In the December, 1999, Phi Delta Kappan magazine for educators, "a Kappan Special Section On Urban Schools" included an article by a Detroit high school principal titled "Urban Schools: Forced to Fail" where, without once mentioning lead poisoning, the author lamented:
Most people agree that the central goal of the public schools is to teach students to read, write, and compute. Urban schools today simply have too many other things to accomplish under too many unfavorable conditions. .... There are demands for safety and surveillance, including fire rules and drills and protection against intrusion, robbery, assault, and vandalism. And there are gangs and the problems that come with drugs. Special education is the fastest-growing element in the urban schools. And it is an element for which urban schools are poorly prepared. Delinquent behavior is too mild a term to describe a problem that can be devastating for urban schools.
Politicians, who ostensibly reflect their constituents, are completely out of step with the public perception of the problems confronting "failing schools." The public does not view academic achievement as being a major problem with public schools. When the 33rd Annual Phi Delta Kappa (PDK)/Gallup Poll of the Public's Attitudes Toward the Public Schools (see: http://www.pdkintl.org/kappan/k0109gal.htm) specifically asked "what do you think are the biggest problems with which the public schools of your community must deal?" academic achievement or incompetent teaching was not a concern, but violence was. In fact, "Quality of teaching" was ranked last as a problem by both parents and non-parents in the poll.
Non-parents (respondents who did not have children in school) saw "Lack of discipline/more control" as the biggest problem facing schools (17% both this year and last year) and parents ranked it third at 10%, almost the same as last year's 9% but substantially below the 15% of 1999. Both parents and non-parents ranked "Fighting/violence/gangs" and "Use of drugs/dope" at similar levels, a combined 20% for non-parents and 19% for parents, approximately the same as last year but substantially down from the 32% for parents in 1998.

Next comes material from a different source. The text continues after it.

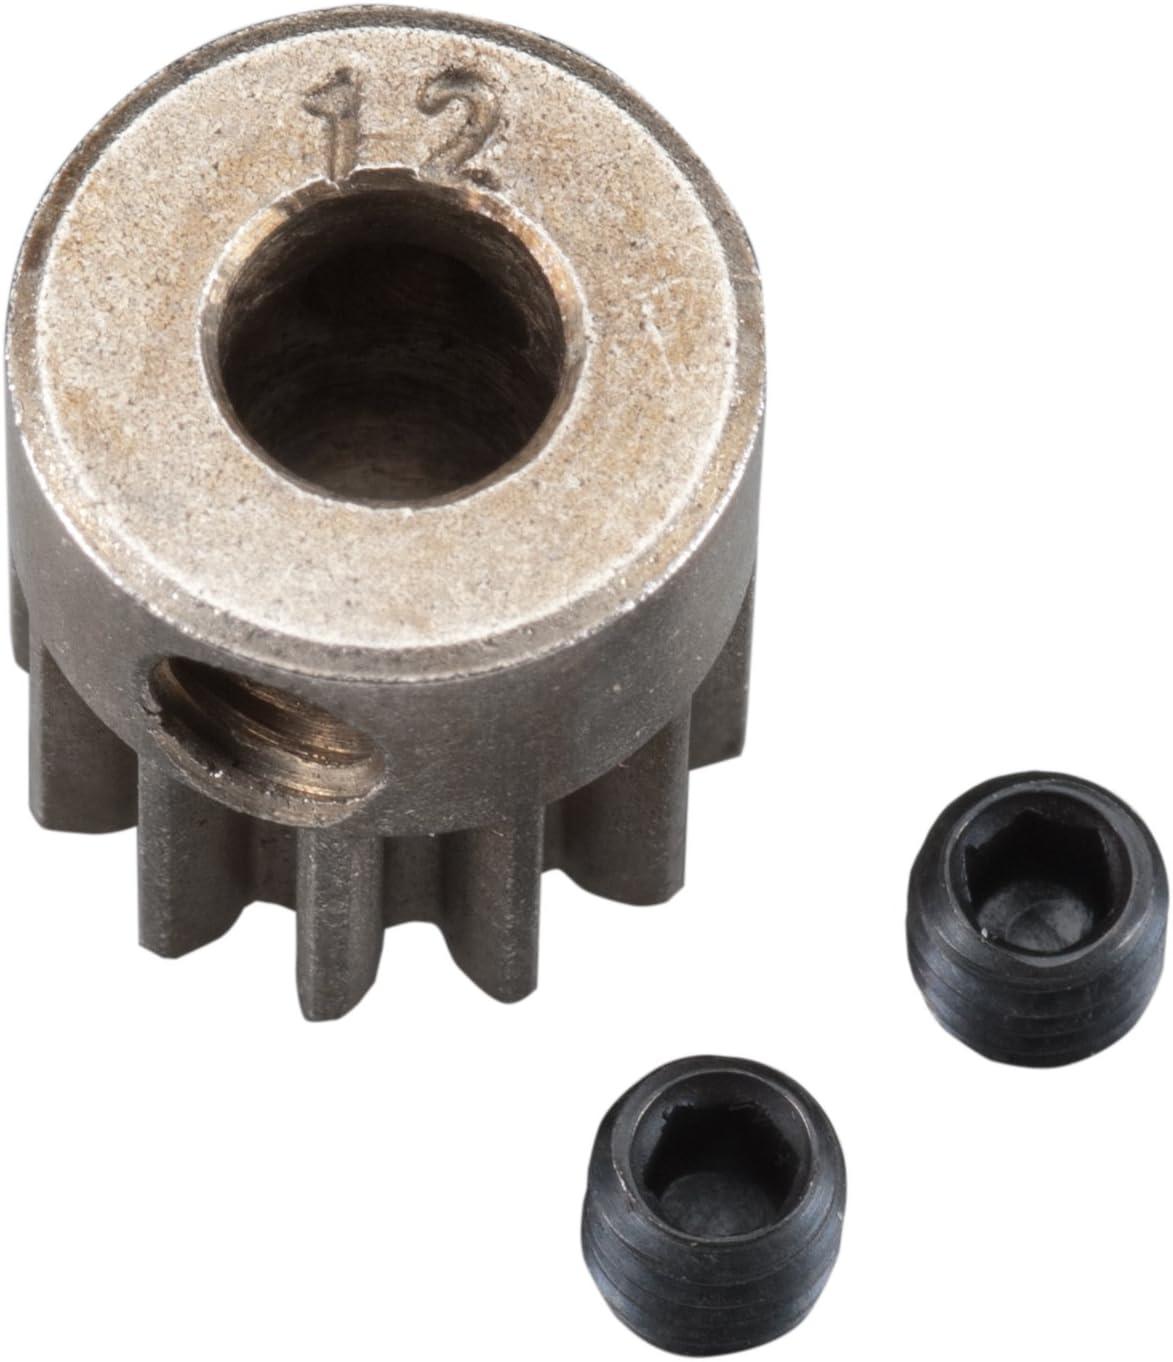 1 Mod 12T 1//8 Pinion 5mm Shaft
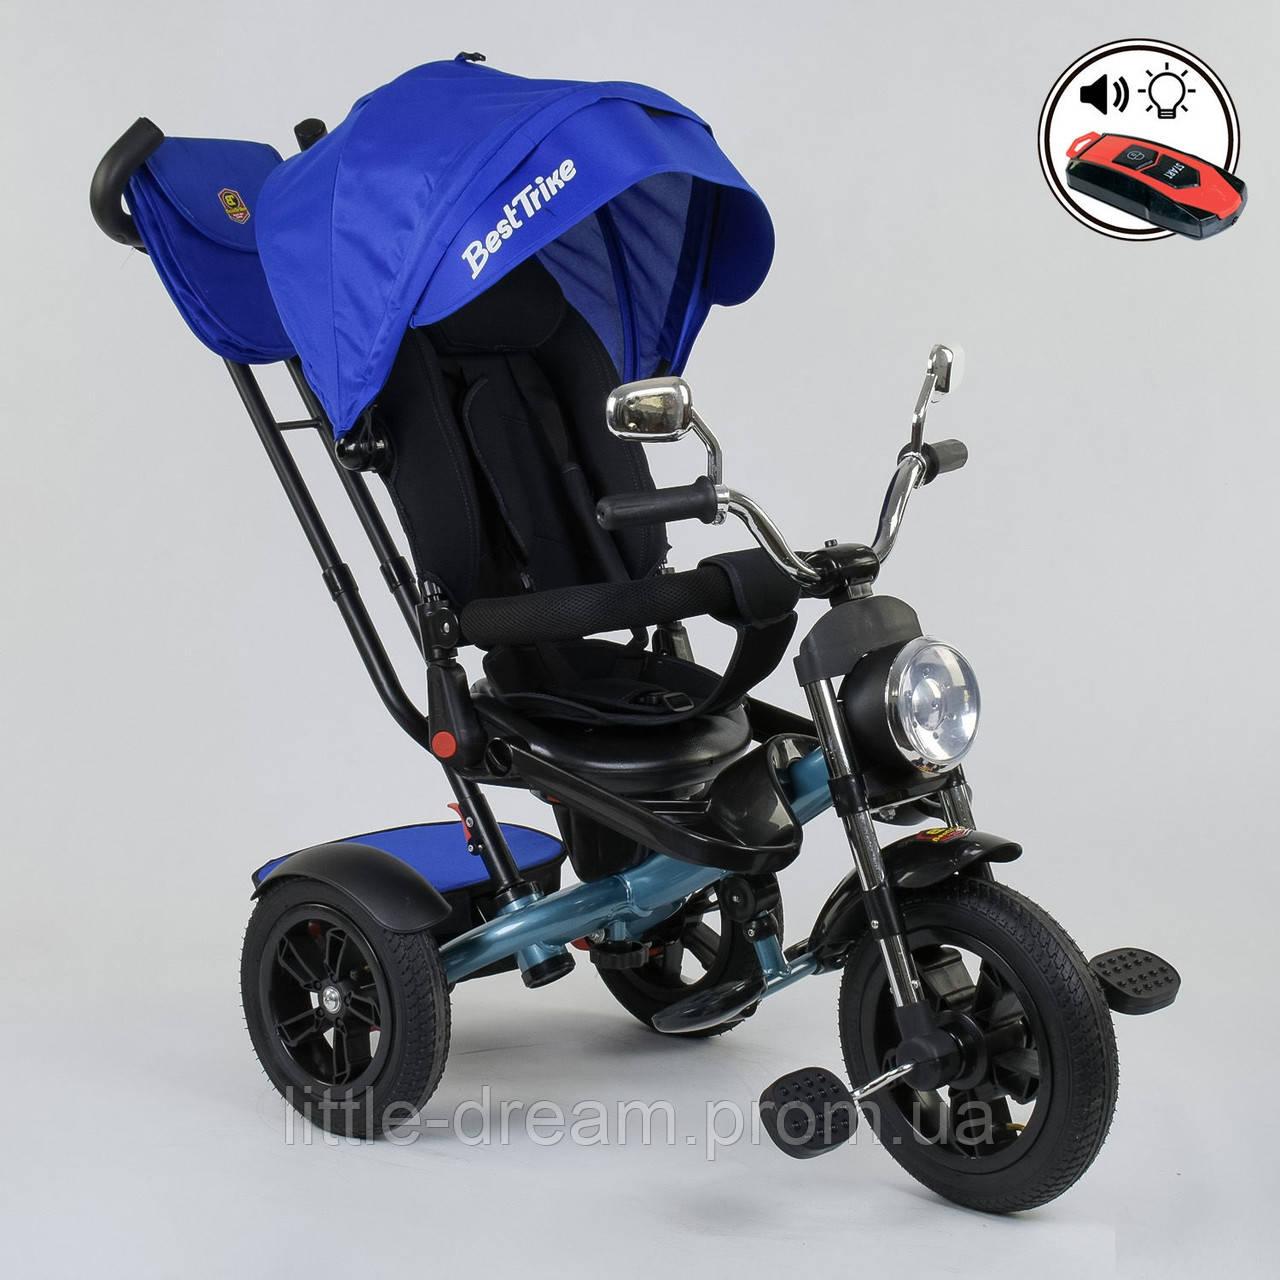 Велосипед 3-х колёсный Best Trike 4490 - 2761, поворотное сиденье, складной руль, русское озвучивание, надувные колеса, пульт включения звука и света

The biggest single problem perceived by the parents of school children was easily "Lack of financial support" with 17% of public school parents choosing it (compared to 19% last year), while non-parents ranked it second at 15% (down from 17% last year). Parents ranked "Overcrowded schools" second at 15% (compared to 14% last year), but non-parents ranked "Overcrowded schools" next to last at 7%.
In other words, while politicians focus on the concocted academic failings of public schools, what the public actually perceives as the major problems facing public schools are violence and drugs and politicians, with politicians ranking first. Exactly how high-stakes testing is going to address the violence and drugs of "failing" public schools is unexplained by politicians, but these are not symptoms of academic issues. However, as we will soon see, "violence" and "use of drugs/dope" are well-documented symptoms of lead poisoning.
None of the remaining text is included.